The 10 Democrats voting against the bill were Lon Burnam (Fort Worth), Terry Canales (Brownsville), Joe Deshotel (Port Arthur), Harold Dutton (Houston), Naomi Gonzalez (El Paso), Roland Gutierrez (San Antonio), Eric Johnson (Dallas), Borris Miles (Houston), Senfronia Thompson (Houston) and Hubert Vo (Houston). I will most definitely remember them next year.

This actually means that the Texting ban isn’t quite as dead as we figured it to be. If Guillen is present at the next vote, the number is at 99. The other Democrat missing was Rene Oliveira (Brownsville), who is recovering from an automobile accident. The options for getting the one more vote is to get Oliveira there (assuming he is a supporter), or trying to peel off at least one Democratic holdout. My money is on Burnam, for what it’s worth.

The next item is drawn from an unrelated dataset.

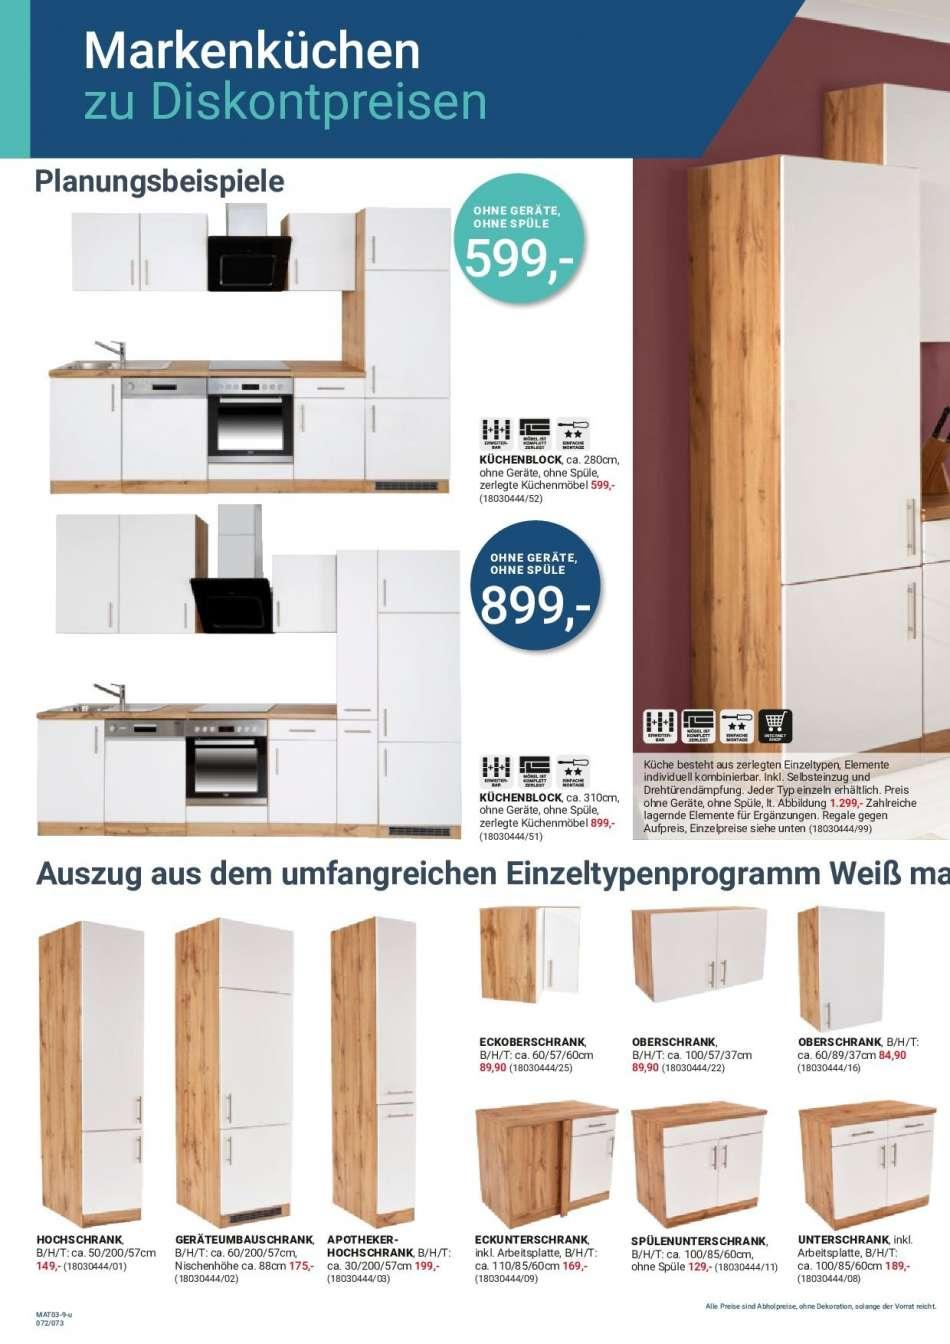 Full Size of Möbelix Küchen Mbeliangebote 3132019 31122019 Rabatt Kompass Regal Wohnzimmer Möbelix Küchen
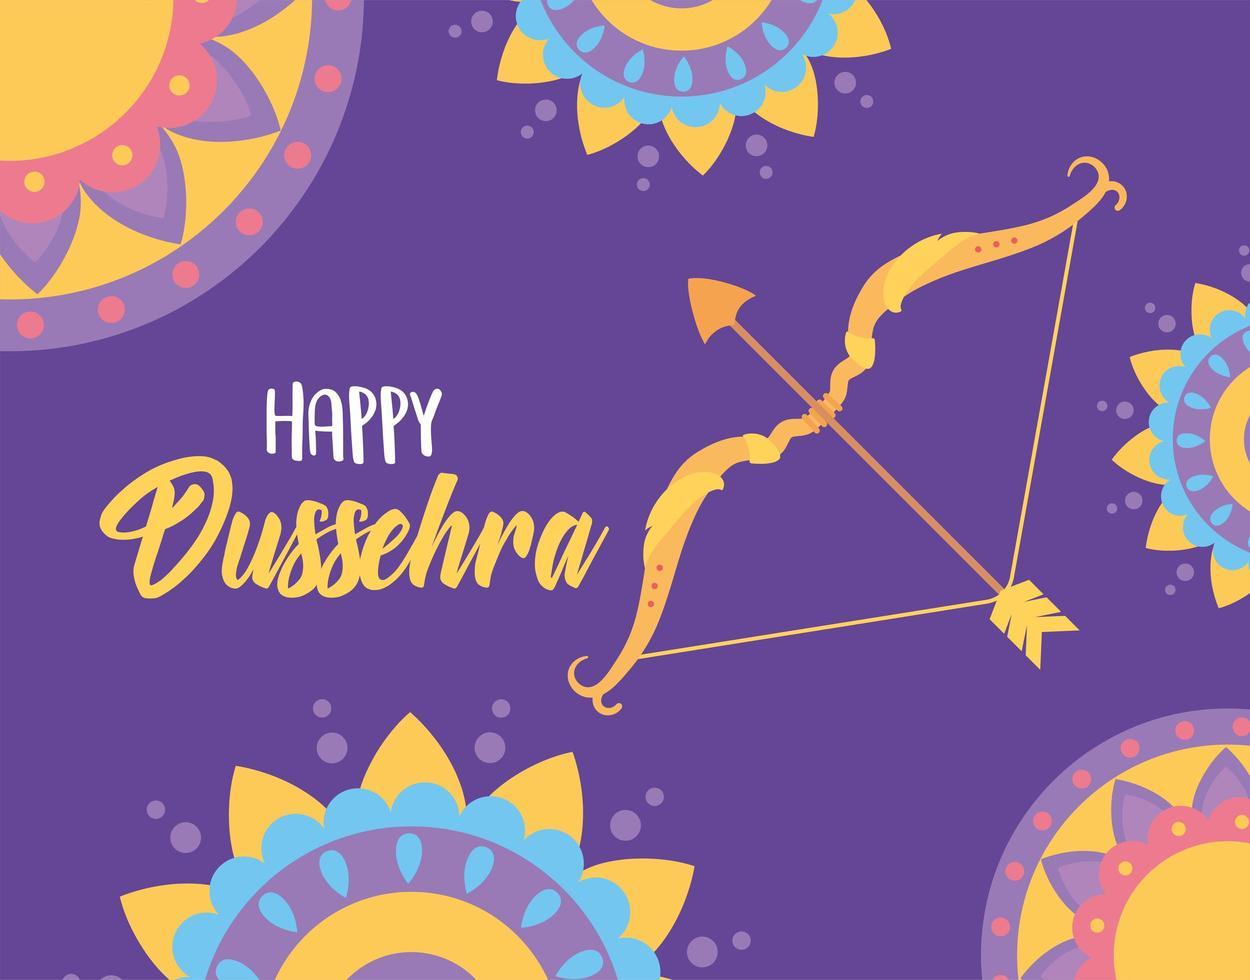 Happy Dussehra Festival von Indien. Mandalas, Pfeil und Bogen vektor

It is worth nothing that just because all but one of the 10 Democratic holdouts is a racial minority, doesn’t mean that African-Americans or Hispanics are any less supportive of this measure. That is just the typical makeup of the House Democratic Caucus nowadays.

Dutton wants Decriminalization

The Houston Press is reporting that Harold Dutton, the longtime State Representative for District 142, is vociferously supporting a bill he introduced, that would decriminalize possessing less than 1 ounce of pot.

The exact penalty, a Class C Misdemeanor, would be roughly equivalent to that of Public Intoxication, Minor in Possession (of Alcohol) or Disorderly Conduct. Dutton claims that “Of the 70,000 cases filed on Marijuana possession in Texas, about 30,000 encompass the possession of two ounces or less.” It is worth noting that Dutton has tried this before, and the bill never even made it out of committee. Let us hope this year’s bill does not suffer the same fate.

For what it’s worth, I have been a big proponent of pot legalization for a number of years, but am always willing to take baby steps towards that goals by doing things like supporting decriminalization and medical pot. My position for why to legalize, however, is probably very different than most people my age. It is from an approach of fiscal conservatism. For example, I spent a number of weeks last year working at a Harris County Criminal Court at Law. Probably half of the cases in the court were POMs (pot possession). If you made general possession a decriminalized offense, most of these cases would never go before a court, thus freeing up money for court costs, police, prisons, etc. In addition, the police could use their precious time going after actual violent criminals.

For what it’s worth, Hair Balls got a big fact wrong. They incorrectly identified Dutton’s bill of decriminalization as HB 192, it is actually HB 184.